## Aim of the exercise:
Images should be left out, and everything else in the listing reproduced exactly.

## Given information:
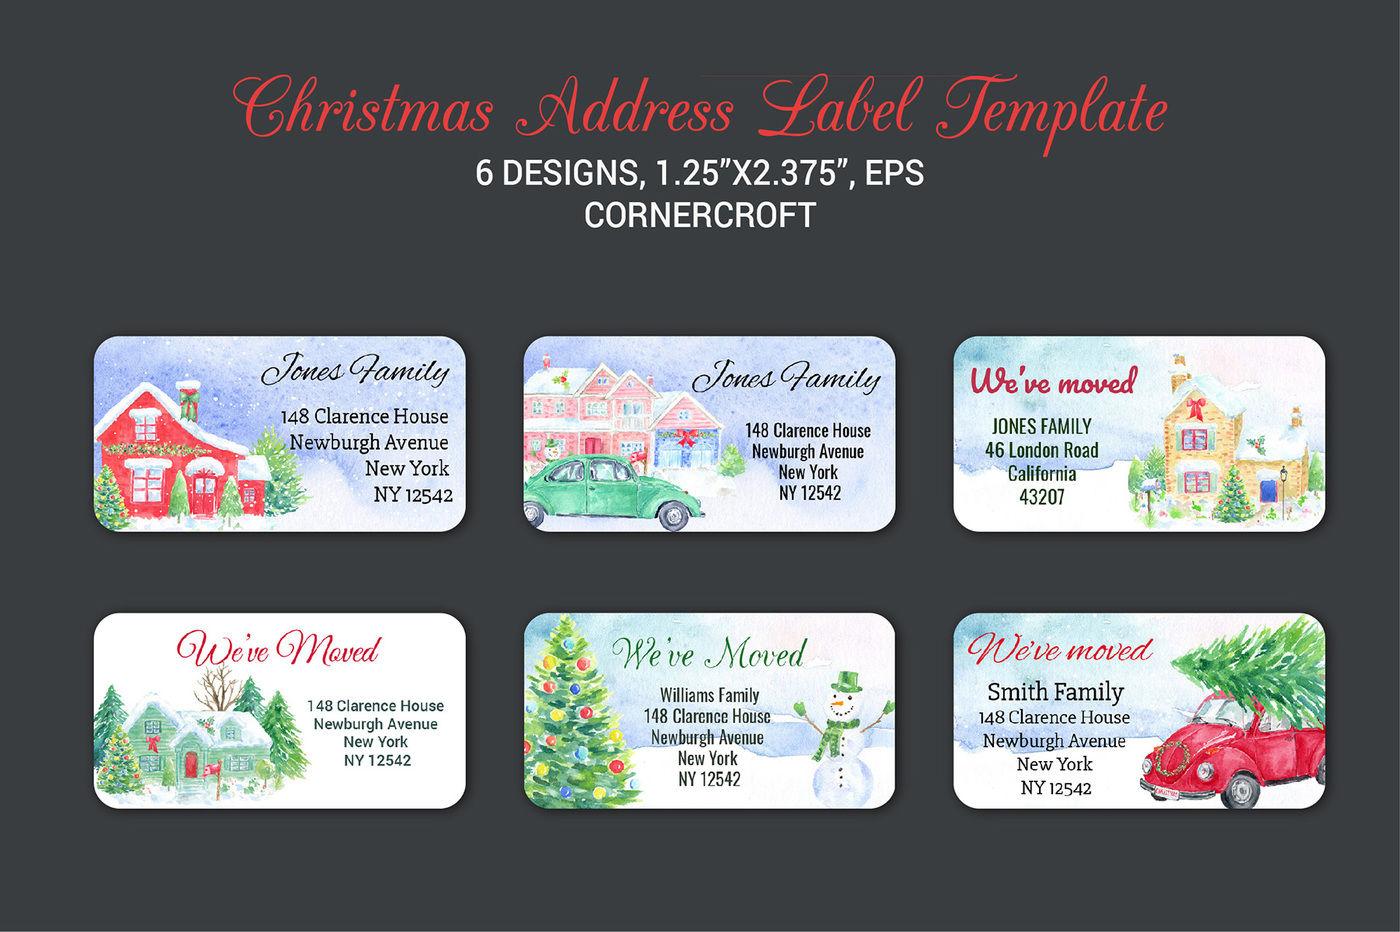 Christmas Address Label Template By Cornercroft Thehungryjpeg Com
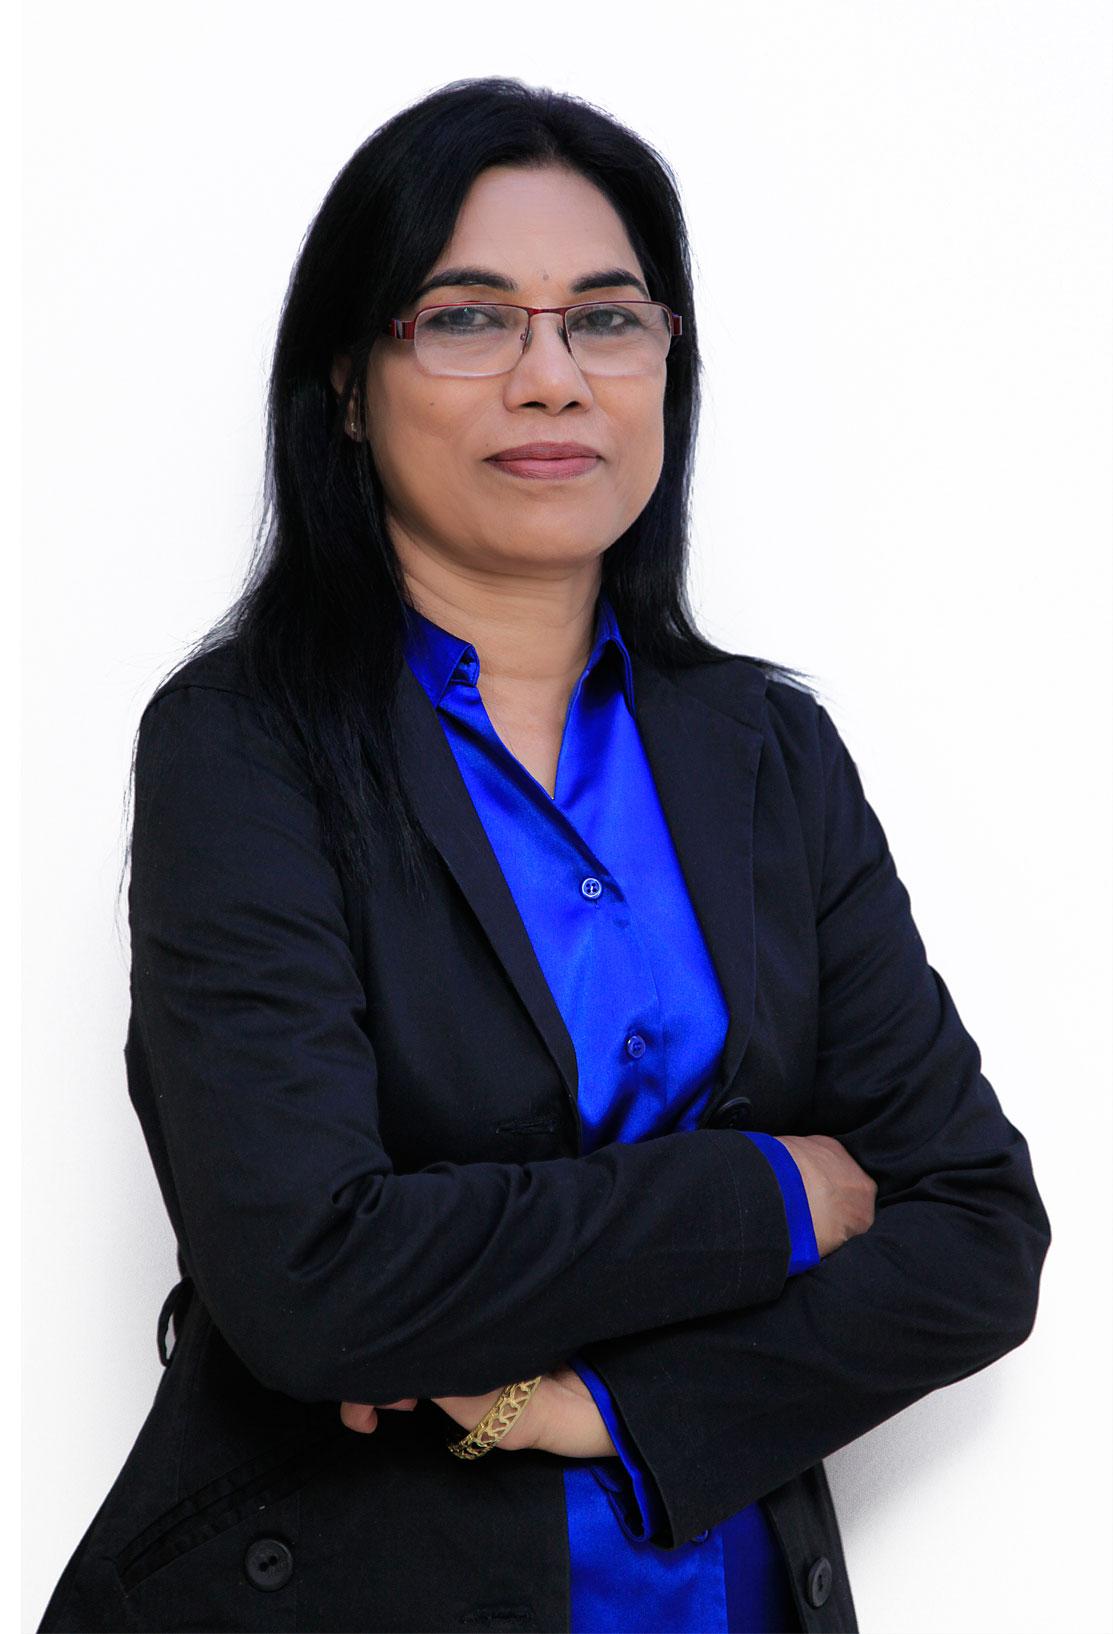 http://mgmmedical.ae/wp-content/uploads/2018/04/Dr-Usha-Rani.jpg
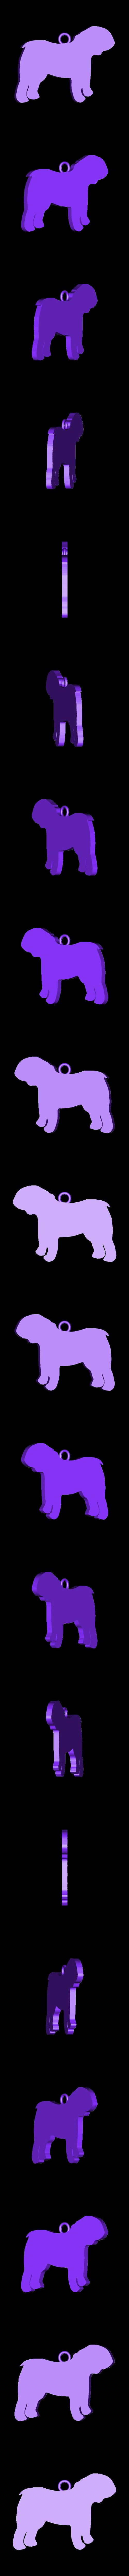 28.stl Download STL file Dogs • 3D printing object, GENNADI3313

## Answer below:
 Christmas Address Label Template By Cornercroft Thehungryjpeg Com
 http://mgmmedical.ae/wp-content/uploads/2018/04/Dr-Usha-Rani.jpg
 28.stl Download STL file Dogs • 3D printing object, GENNADI3313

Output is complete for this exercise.